# Task
Create agents for reading documentation files and websites related to a particular topic.

## Install necessary libraries

### Subtask:
Install libraries required for web scraping, document loading, and agent creation (e.g., `requests`, `BeautifulSoup`, `langchain`, `langchain-experimental`, etc.).


**Reasoning**:
Install the necessary libraries for web scraping, document loading, and agent creation using pip.



In [None]:
%pip install requests beautifulsoup4 langchain langchain-experimental lxml unstructured



## Load data

### Subtask:
Load data from provided documentation files (e.g., PDF, text files) and scrape content from specified websites related to the topic.


**Reasoning**:
Define the paths to local documentation files and the URLs of websites to scrape, and then use appropriate loaders and scraping techniques to load and scrape the content.



In [3]:
import requests
from bs4 import BeautifulSoup
from langchain_community.document_loaders import PyPDFLoader, TextLoader
import os

# 2. Define website URLs
website_urls = [
  "https://arxiv.org/pdf/2010.07487v3.pdf",
  "https://arxiv.org/pdf/2008.02275v3.pdf",
  "https://arxiv.org/pdf/2401.13481",
  "https://arxiv.org/pdf/2505.07468",
]

# Data structure to store content
all_content = []

# 4. Scrape content from websites
for url in website_urls:
    try:
        response = requests.get(url)
        response.raise_for_status()  # Raise an exception for bad status codes
        soup = BeautifulSoup(response.content, 'lxml')
        # Extract text content (you might need to refine this based on website structure)
        text_content = soup.get_text(separator='\n', strip=True)
        all_content.append({"url": url, "content": text_content})
        print(f"Scraped content from {url}")
    except requests.exceptions.RequestException as e:
        print(f"Error scraping {url}: {e}")
    except Exception as e:
        print(f"Error processing content from {url}: {e}")
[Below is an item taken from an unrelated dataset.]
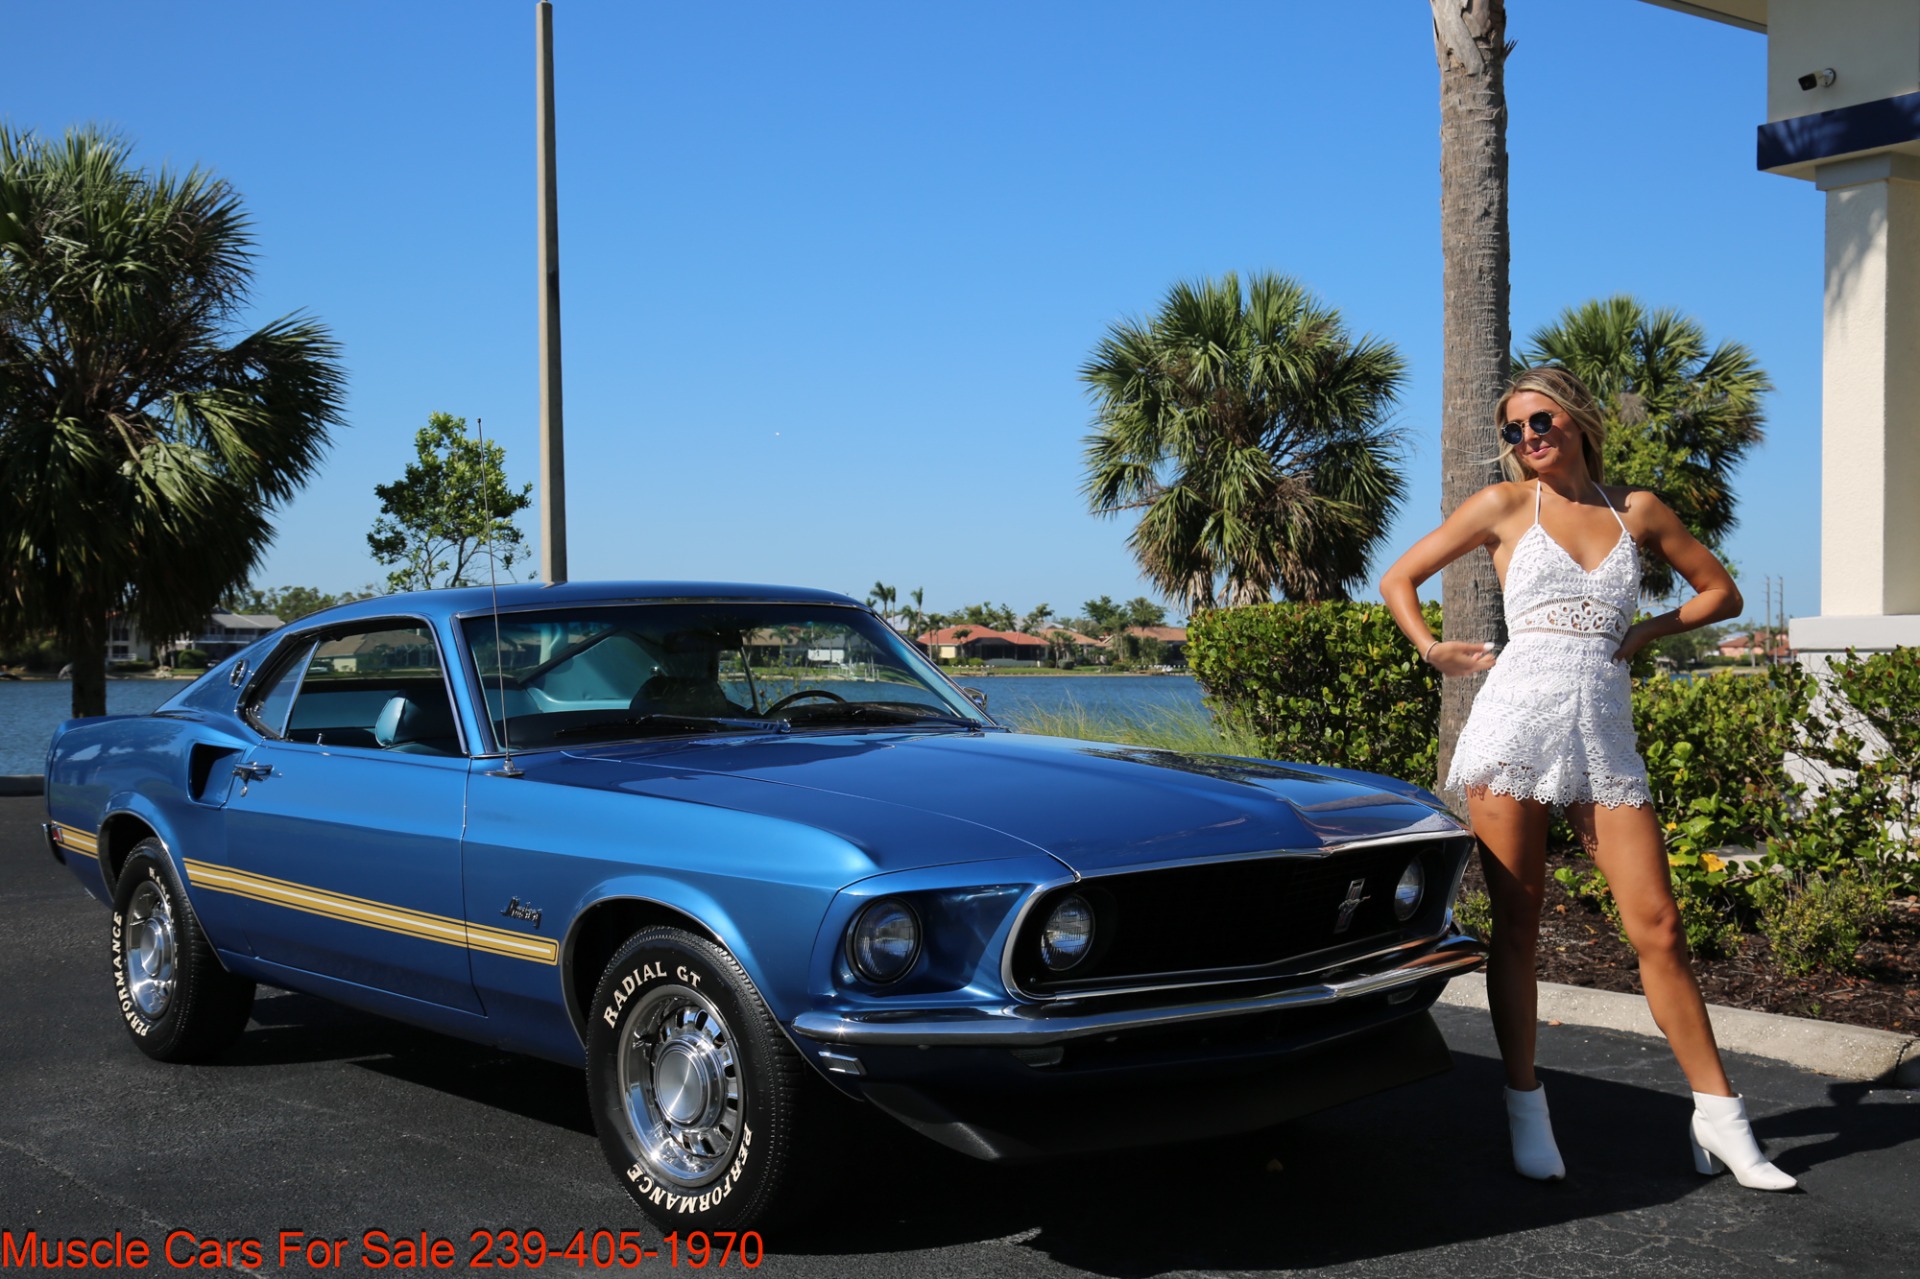 Used-1969-Ford-Mustang-V8-Fastback.jpg

# 5. Add a step for uploading PDF files here.
# Once uploaded, you can load them using PyPDFLoader like this:
# pdf_file_path = "path/to/your/uploaded/file.pdf" # Replace with the actual path
# loader = PyPDFLoader(pdf_file_path)
# pdf_documents = loader.load()
# all_content.extend(pdf_documents) # Add loaded PDF documents to all_content


# 6. Display a sample of the stored content
print("\n--- Sample of Loaded/Scraped Content ---")
if all_content:
    # Print content based on type (Document object or dictionary)
    for item in all_content[:2]: # Display first 2 items as sample
        if isinstance(item, dict):
            print(f"Source: {item['url']}\nContent snippet: {item['content'][:500]}...")
        else:
            print(f"Source: {item.metadata.get('source', 'Local File')}\nContent snippet: {item.page_content[:500]}...")
else:
    print("No content was loaded or scraped.")
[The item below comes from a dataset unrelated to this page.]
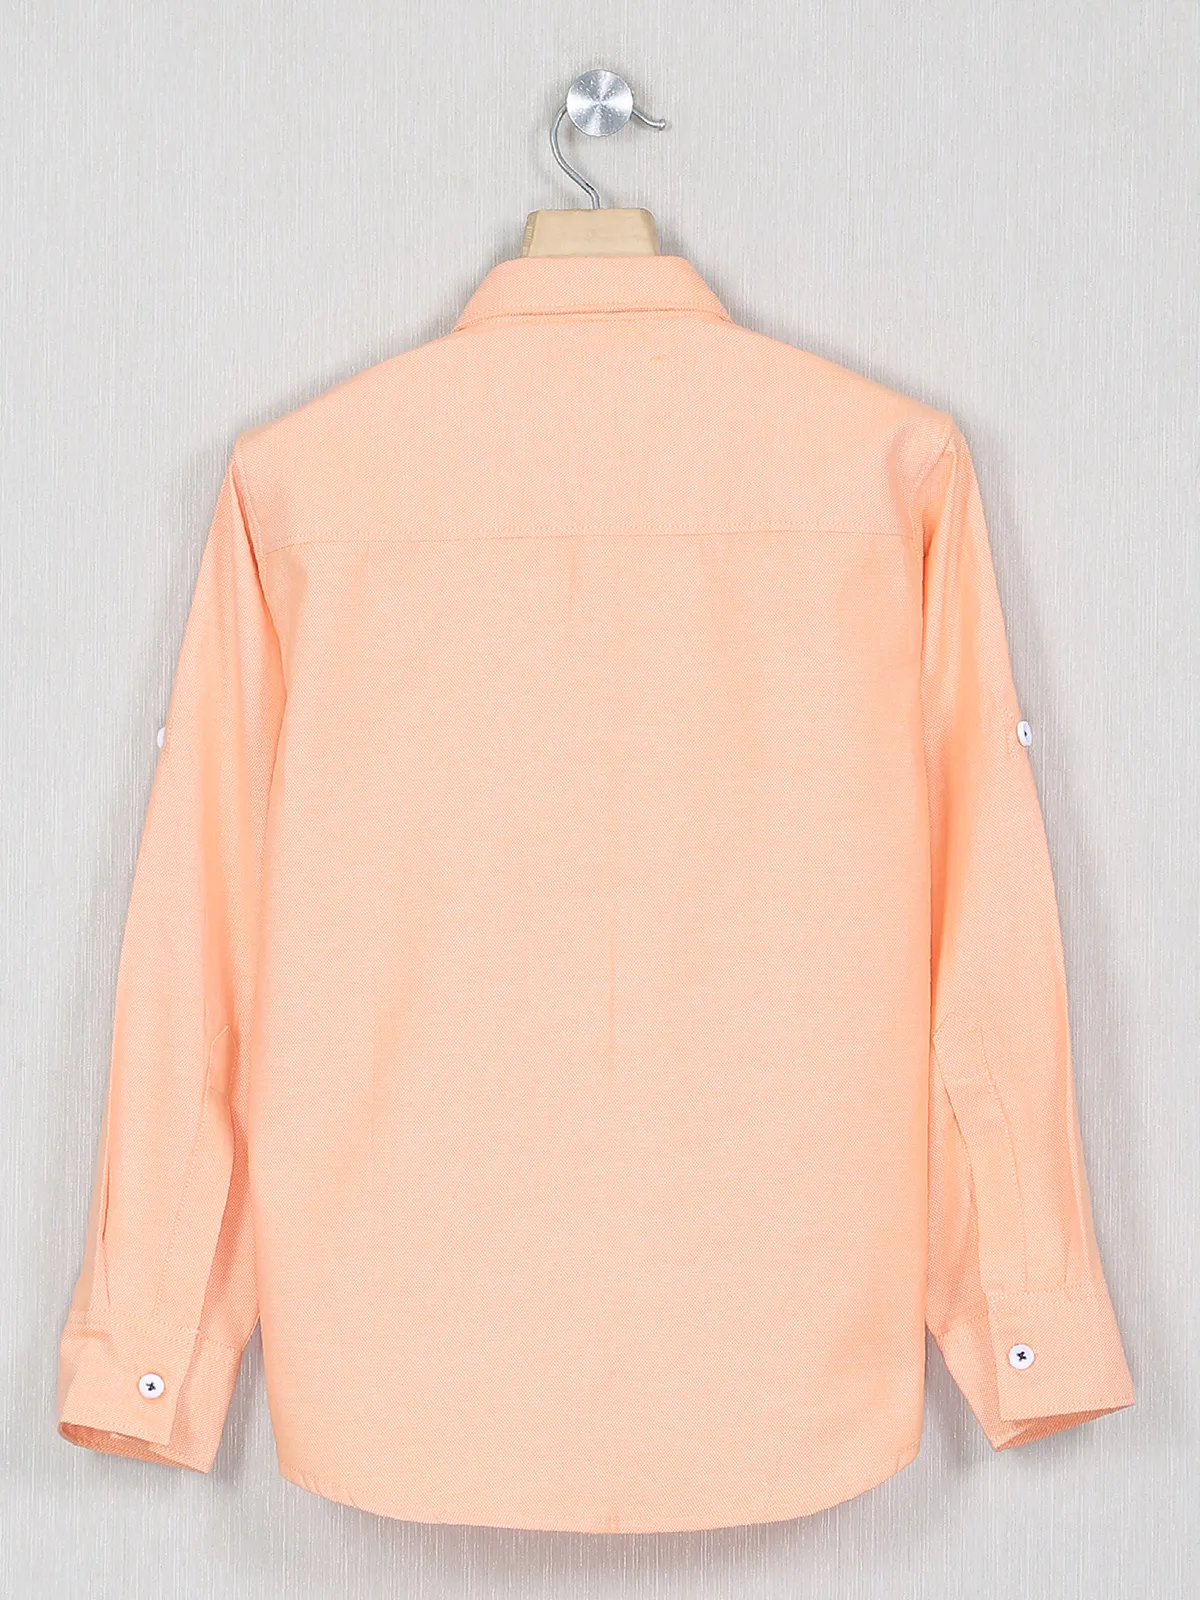 DNJS peach hued casual wear shirt in cotton

Scraped content from https://arxiv.org/pdf/2010.07487v3.pdf
Scraped content from https://arxiv.org/pdf/2008.02275v3.pdf
Scraped content from https://arxiv.org/pdf/2401.13481
Scraped content from https://arxiv.org/pdf/2505.07468

--- Sample of Loaded/Scraped Content ---
Source: https://arxiv.org/pdf/2010.07487v3.pdf
Content snippet: %PDF-1.5
%...
Source: https://arxiv.org/pdf/2008.02275v3.pdf
Content snippet: %PDF-1.5
%...


## Process Data

### Subtask:
Split the loaded content into smaller chunks and generate embeddings for each chunk.

**Reasoning**:
Split the text into manageable chunks for the embedding model and then generate embeddings for each chunk.

In [5]:
from langchain_text_splitters import RecursiveCharacterTextSplitter
from langchain_community.embeddings import HuggingFaceEmbeddings # Example of another embedding model

# 1. Split the documents into smaller chunks
text_splitter = RecursiveCharacterTextSplitter(chunk_size=1000, chunk_overlap=200)
# Assuming 'all_content' is a list of strings or objects with a 'content' attribute
texts = []
for item in all_content:
    if isinstance(item, dict):
        texts.append(item['content'])
    else:
        texts.append(item.page_content)

split_texts = text_splitter.create_documents(texts)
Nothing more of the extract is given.